PART TWO IN A SERIES
Operation Bullpen, the new book set for release next month, details how the Marino family's autograph forgery ring became like a smooth-running assembly line, cranking out bogus goods by the basket full. The kingpin of the Sharpie was Greg Marino who claims he forged one million items before the law finally caught up to the scam.
This is a another heretofore unreleased excerpt from the book by Kevin Nelson. Operation Bullpen details the forgery ring cracked by the FBI in the late 1990s, one which pumped thousands of fake signatures into the sports memorabilia market.

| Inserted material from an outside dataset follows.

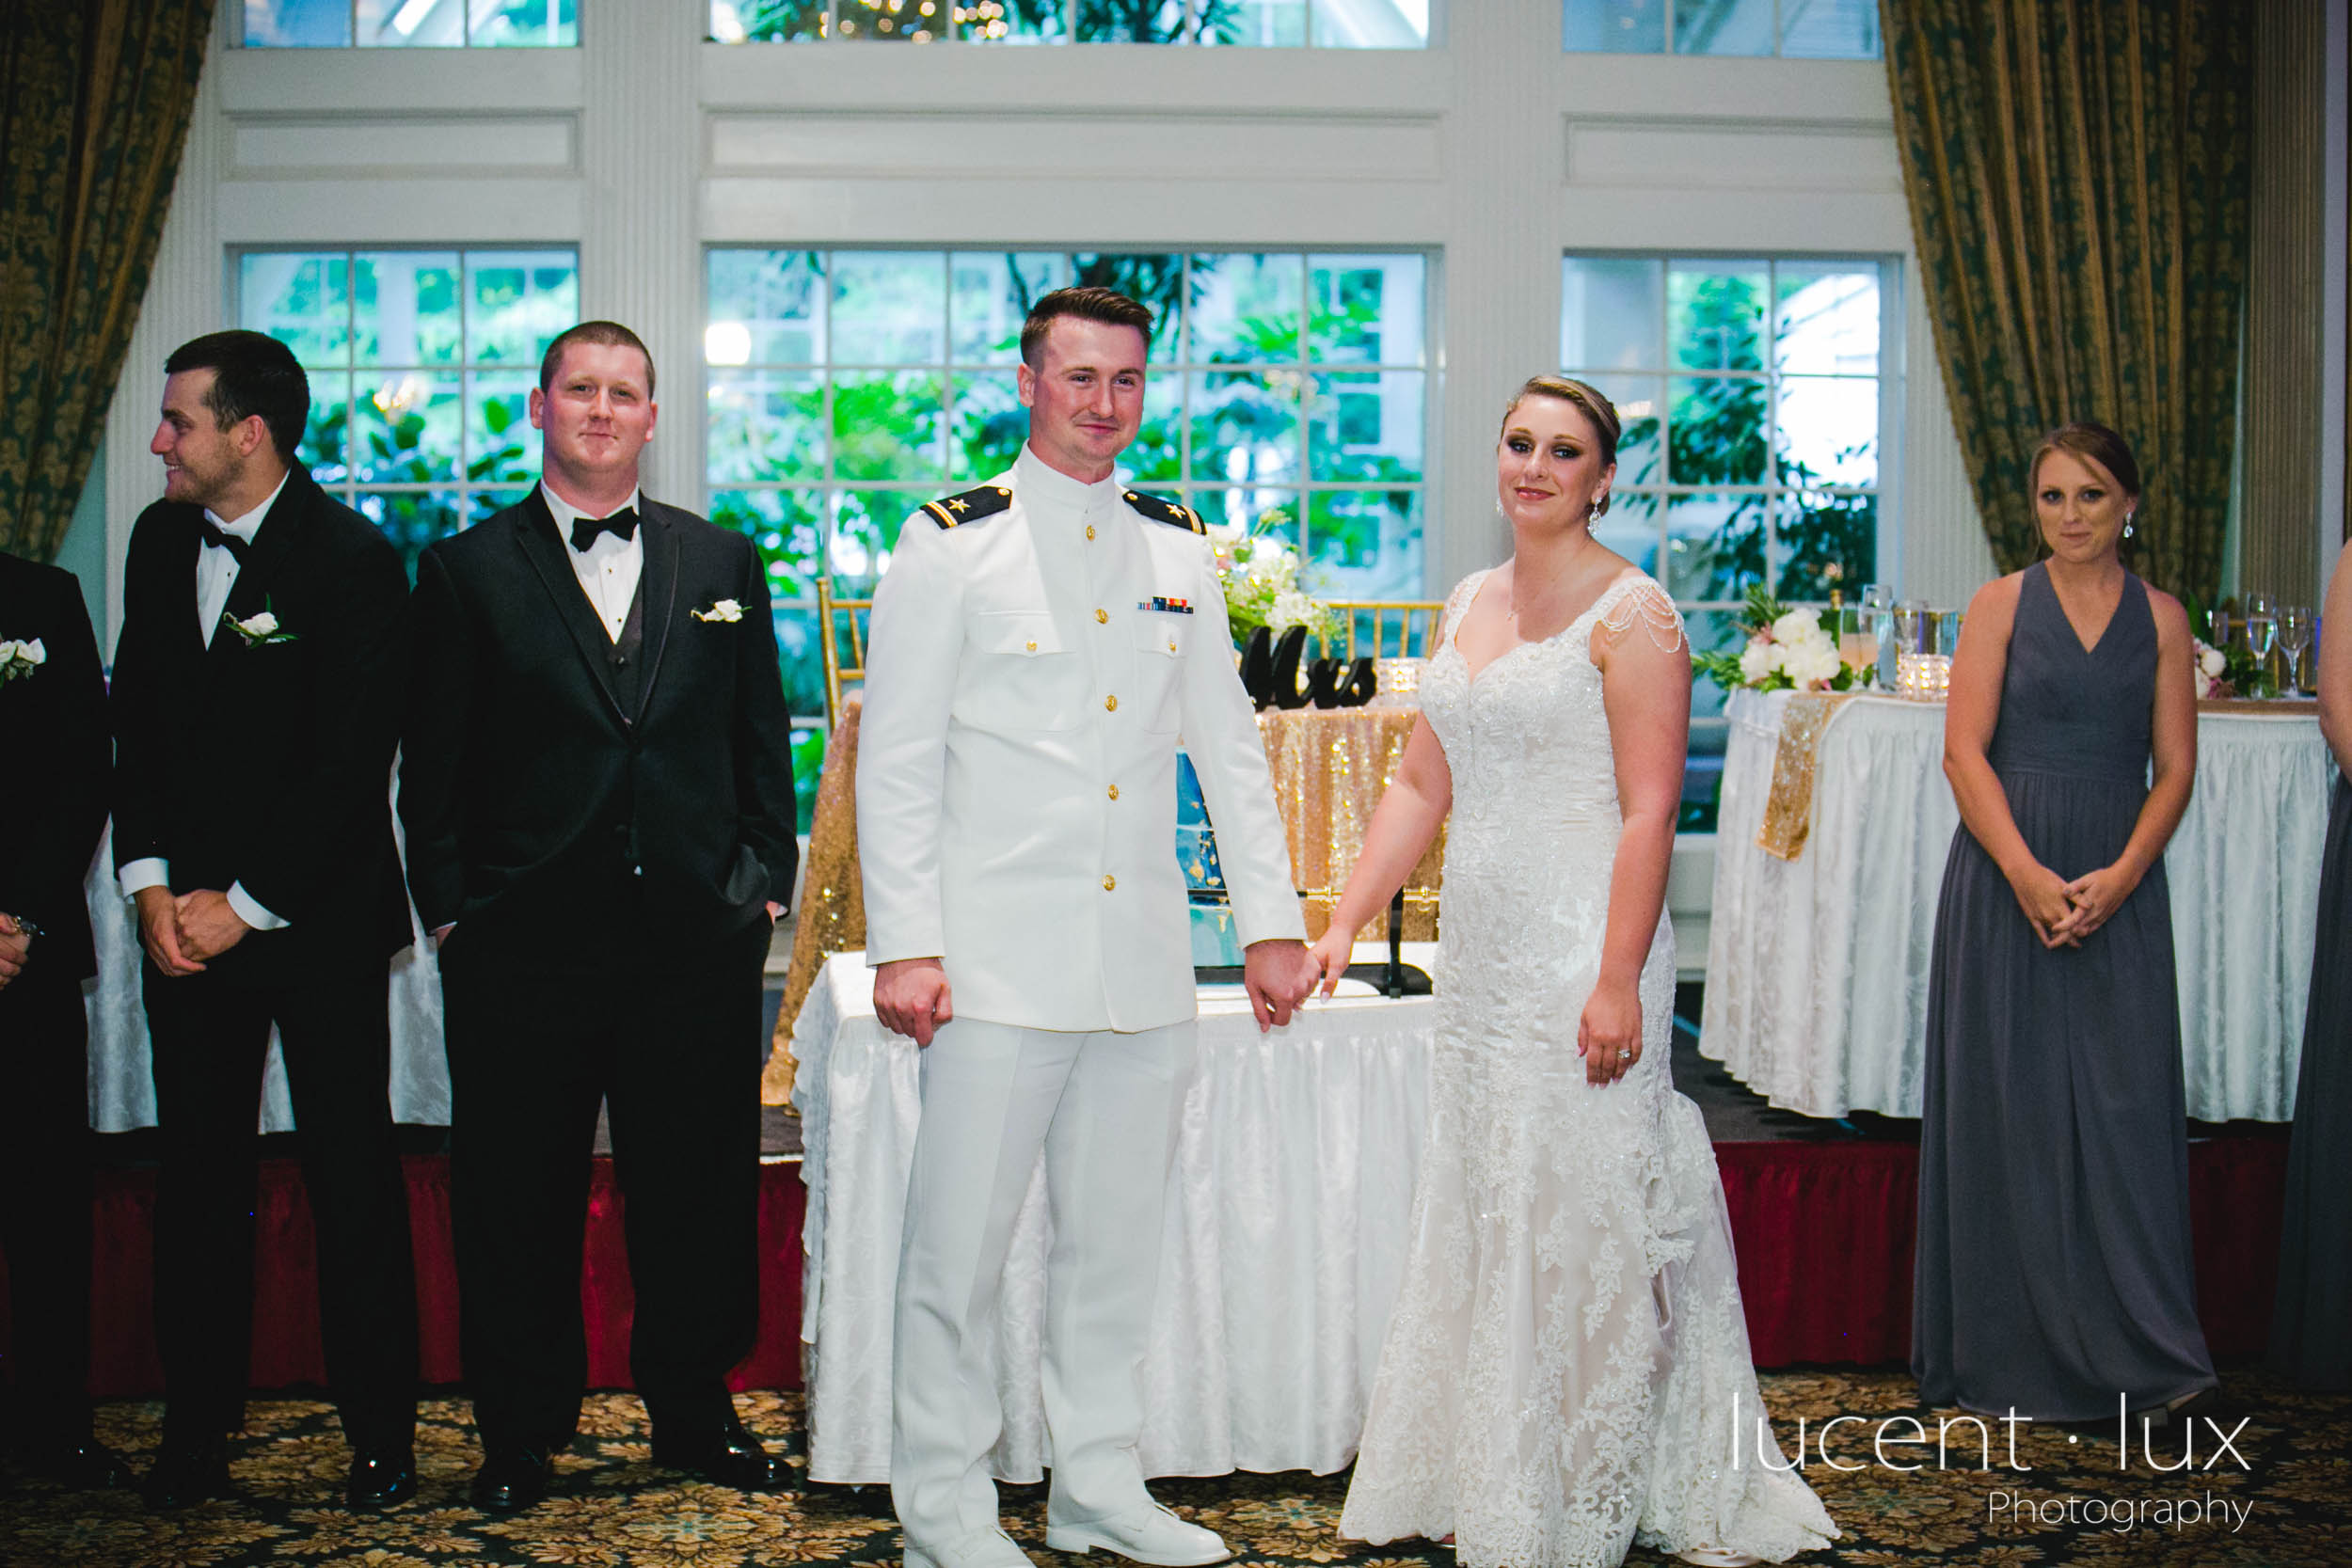 Wedding-Photography-Maryland-Pennsylvania-Photographer-Mendenhall-Inn-Media-Portrait-Event-147.jpg

"Master forger" Greg Marino became so adept at faking the signatures of famous people, especially Mickey Mantle, he could do it from home while his wife Kathy kept the unsigned items handy and waiting her husband's handiwork.
Nelson writes:
"He (Greg Marino) could glance at an exemplar in one of the black books and his hand could immediately produce a high quality replica of the signature he was looking at. "I got into a flow," he said. "I could look at an autograph and I could do it exact. I mean, I did a million autographs. And when I say a million, I mean a million. Not tens of thousands, not hundreds of thousands. A million."
(Marino apparently began forging in 1994, and the Operation Bullpen arrests came in the fall of 1999. If Marino's claim is correct, he would have signed approximately 3846 signatures a week or 549 a day, a feat easily accomplished considering the incentive of obscene amounts of money he was being paid by those who sold the forgeries.)
Nelson continues in Operation Bullpen:
"On some orders all she (Kathy Marino) had to do was unpack the balls and put them in a basket next to the living room couch so that Greg could sign while watching the Yankees game. This was the way he prferred to sign balls because he could use a couch cushion to prop up his arm and avoid writer's cramp. When a basket was filled with signed balls, Kathy cleared it away and replaced it with a fresh basket of unsigned ones, delivering a snack tray and drink for Greg at the same time. During a nine-inning game, he could polish off three cases or nearly 400 balls."
"Signing bats represented a separate challenge. Like balls, they are awkward to hold and the writing surface is unusual. In the early 90s, as part of an autograph deal, a videotape was made of Joe DiMaggio actually signing bats at the Louisville Slugger factory. Greg got ahold of this tape and watched it with a close eye, observing how the great DiMaggio's techniques differed from his. In fact, they were very similar. The bats were lined up for Joe much the same way Kathy lined them up across the living room sofa and chairs--all in a row ans slightly lower down "so Joe could come right down and sign, sign, sign," said Greg admiringly.
"Once space was cleared in the living room, John (Marino, Greg's brother) moved the next order of blanks in from the garage. Cold blank memorabilia waiting to be turned into warm lovely cash often filled up the garage with no room to park a vehicle."